Asthma Disproportionately Impacts Children of Color

By: Kristen Golden Testa & Liliana Velazquez, The Children’s Partnership

Each year, the Asthma and Allergy Foundation of America declares May to be “National Asthma and Allergy Awareness Month.” Asthma is one of the most common chronic conditions affecting children and it continues to disproportionately impact children of color. In California, three out of four children are from communities of color. Children of color continue to face stark disparities in health – many attributed to the environment in which our children live.
Our health is connected to the many facets of our environment – from the air we breathe, to the food we eat, to where we live, learn, work and play.

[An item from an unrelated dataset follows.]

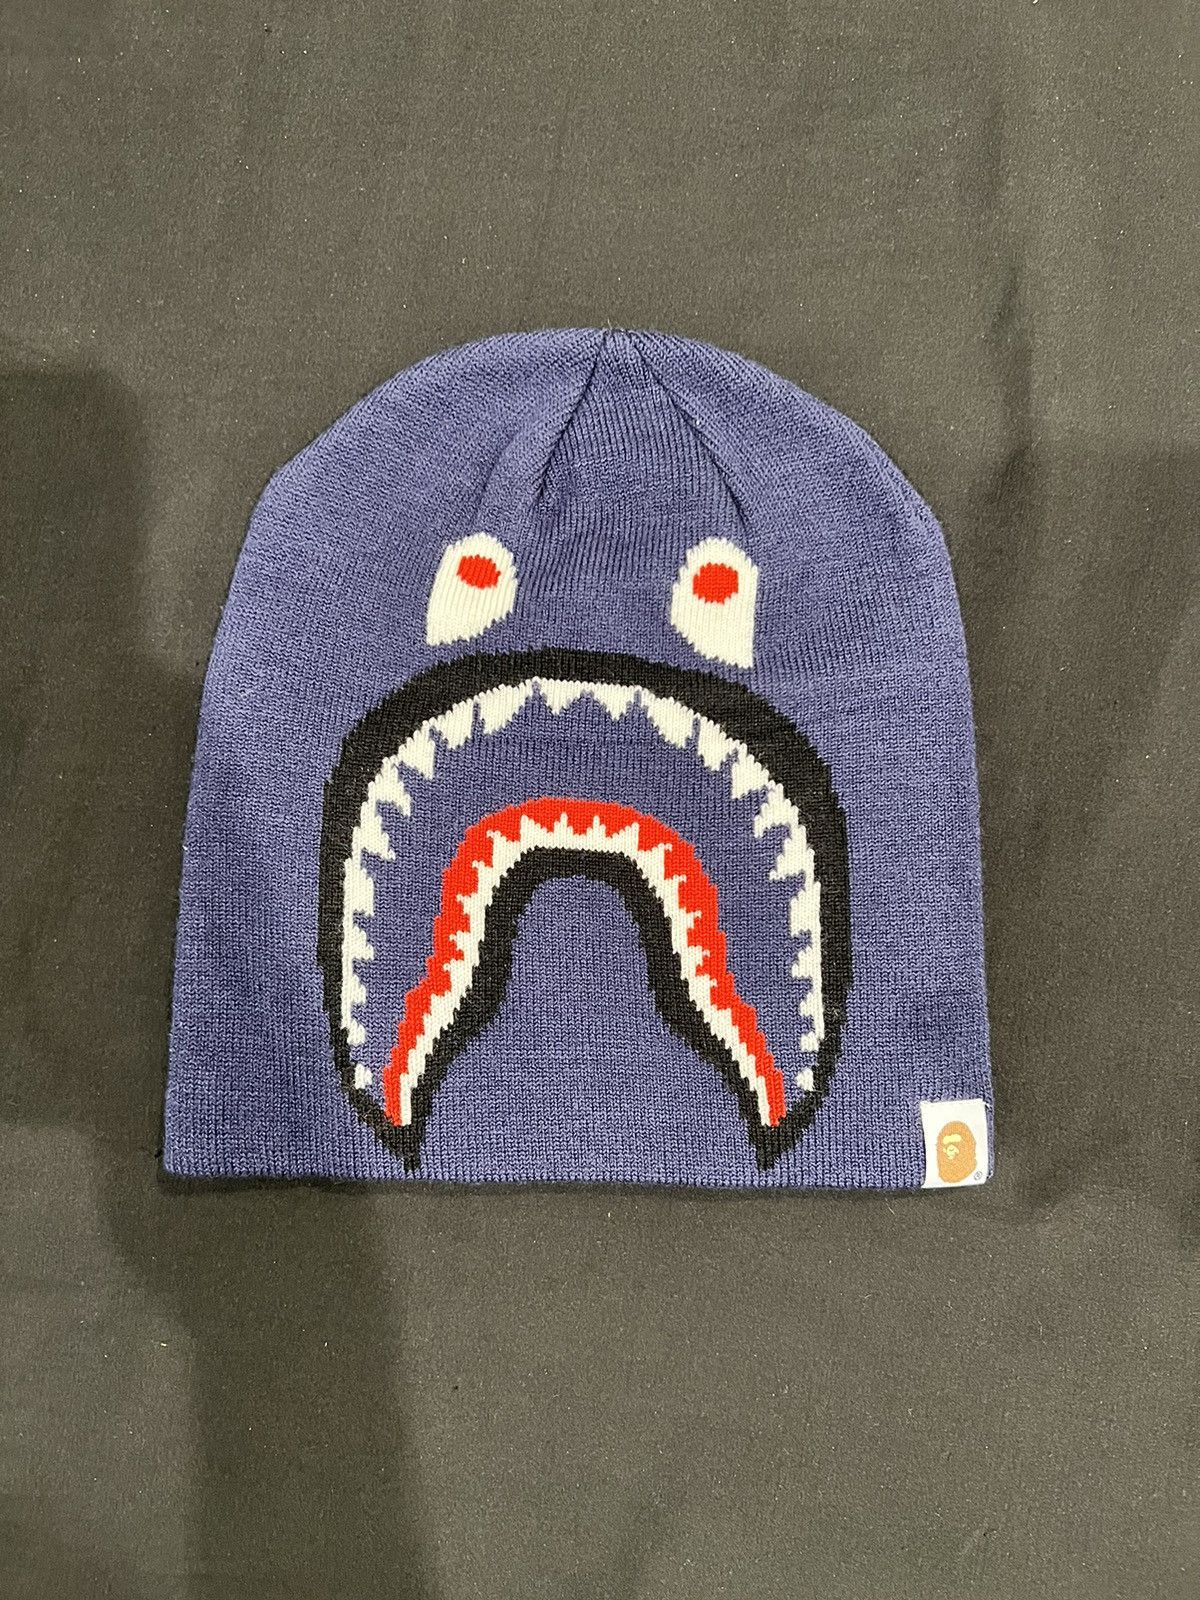 Bape 2nd Shark Knit Cap | Grailed

For communities of color that are disproportionately exposed to toxic conditions, such as poverty or poor living standards and air quality, addressing these social determinants of health can substantially improve health outcomes for children and families.
Nearly 1.5 million children in California have asthma. African-American children have almost twice the rate of asthma as white children (23% v 12%) and almost one in every three children of Pacific Islander descent is diagnosed with asthma. Latino and African American children make up two-thirds of children in California and yet they account for 91% of emergency department visits related to asthma.
The costs of asthma are also significant: In California, medical costs for childhood asthma, such as hospitalizations, ER visits and doctor visits amount to $460 million annually plus $233 million in indirect costs of parents’ lost wages due to children’s missed days at school. 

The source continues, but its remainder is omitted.